FXCG: US Stock Futures Fall, Crude Oil Prices Rise on Supply Concerns

Oil prices rose in early trading on Monday, while US stock futures edged lower after the US attack on Iran’s main export hub exacerbated supply risks across the Middle East.
S&P 500 and Nasdaq 100 futures opened down about 0.2%. West Texas Intermediate crude rose 2% after the US bombing of military targets on Iran’s Kharg Island, the port on which almost all of Iran’s oil exports originate. Futures markets indicated that Australian, Japanese, and Hong Kong stock markets were likely to open lower, and the US dollar weakened slightly against major currencies.
The strike could inject new turmoil into an energy market already experiencing its biggest oil price volatility in decades. Since the outbreak of the war, soaring oil prices have impacted various assets, fueling inflation concerns, pushing up US Treasury yields, boosting the dollar, and putting pressure on global stock markets.
US President Donald Trump said Friday night that US forces attacked military targets on Kharg Island and warned that attacks could escalate to energy infrastructure if Tehran disrupts traffic in the Strait of Hormuz. Traffic in the narrow waterway has been almost completely halted since the start of the conflict. Iran’s Supreme Leader stated that the strait should remain closed if the conflict continues.
Meanwhile, the International Energy Agency said unprecedented oil inventories would immediately become available in Asia as buyers scramble to fill the gaps in Middle Eastern supply disruptions.
On Sunday, White House National Economic Council Chairman Kevin Hassett said the Pentagon estimated the Iranian mission could take four to six weeks to complete, and that the US was ahead of schedule.

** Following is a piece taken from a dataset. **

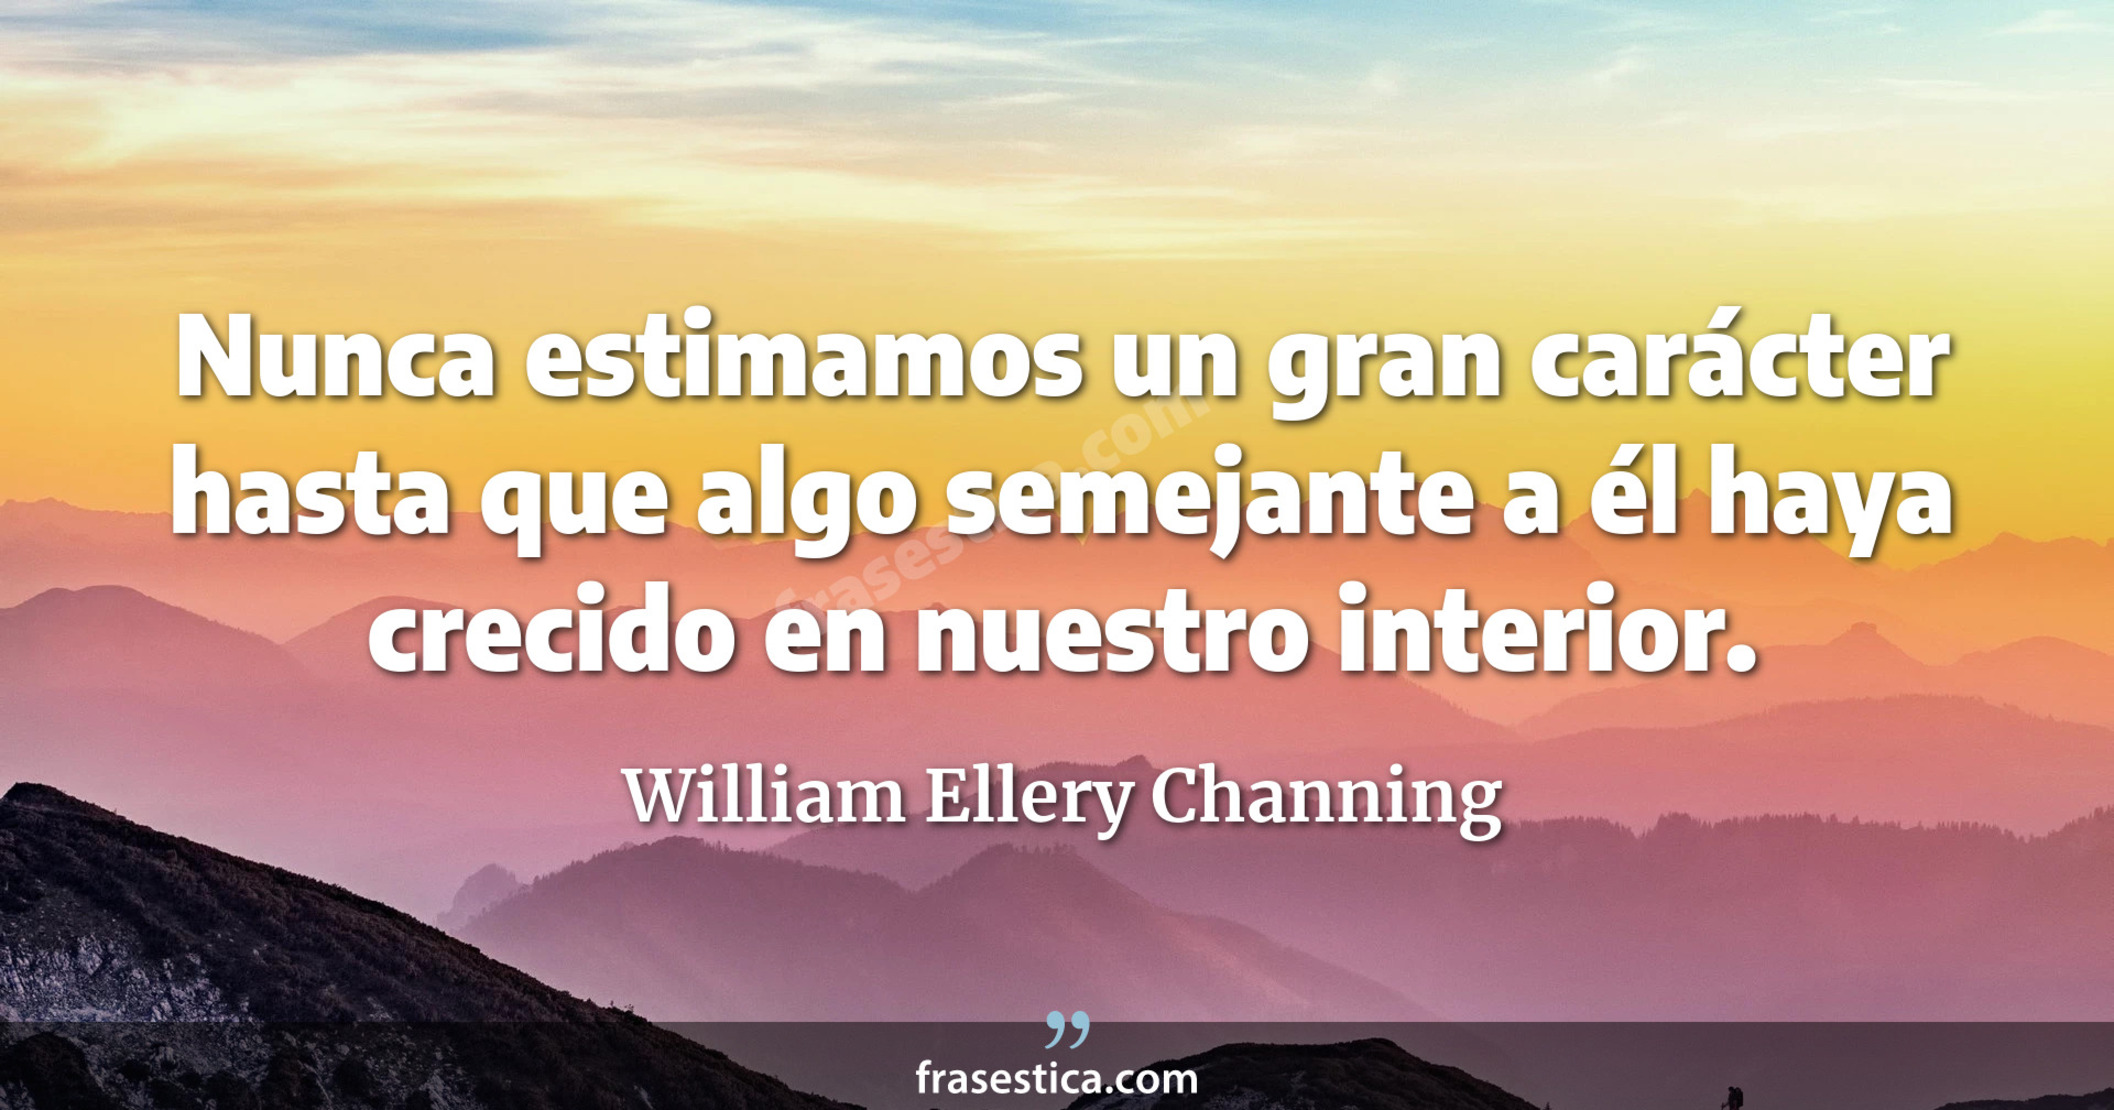 Nunca estimamos un gran carácter hasta que algo semejante a él haya crecido en nuestro interior. - William Ellery Channing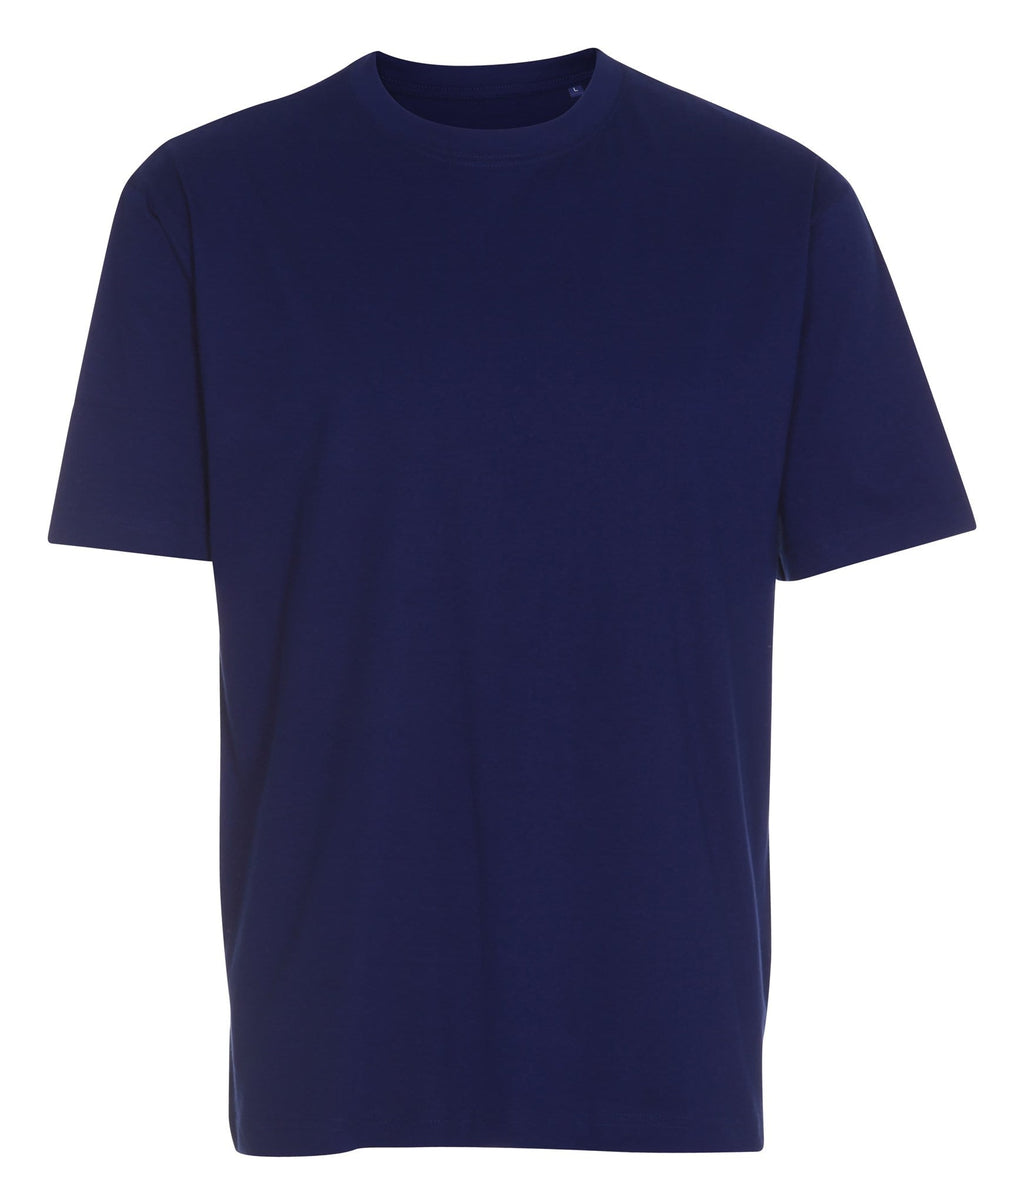 Negabaritiniai marškinėliai - kobalto mėlyna spalva

This week, inflation risks are likely to be the focus of market attention as eight of the world’s ten largest central banks announce their policy decisions. The Reserve Bank of Australia is expected to raise interest rates for the second consecutive month, while other central banks are likely to keep rates unchanged, awaiting clarity on the duration of the conflict.
Market pressures are building at the fastest pace since the April tariff shock. A Bank of America-compiled implied volatility index covering stock, interest rate, currency, and commodity options surged last week to just below its peak reached 11 months ago when Trump’s aggressive tariffs triggered market turmoil.
Global benchmark Brent crude oil prices have surged 40% since the end of February, prompting global investors to reassess risks as the conflict enters its third week. Global stock markets have fallen more than 5% since the start of the conflict, with Asian stocks experiencing the largest declines. The S&P 500 has fallen for three consecutive weeks and is currently 5% below its record high reached in January.
In the fixed-income market, U.S. Treasuries have given back their year-to-date gains. The benchmark 10-year Treasury yield rose more than 30 basis points in March, closing at 4.28% on Friday. The two-year Treasury yield is near its highest level since September of last year, as oil-related inflation risks have rapidly reduced market expectations for a Federal Reserve rate cut. The dollar has also hit a three-month high.
In a report to clients, Barclays’ team of strategists (led by Themistoklis Fiotakis) wrote: “The foreign exchange market is digesting the latest developments in the Middle East through two main channels: a surge in global risk aversion and rising oil and gas prices. Given the shift in market sentiment and the volatility already observed, a stronger dollar may require further gains in risk aversion and oil prices to support it.”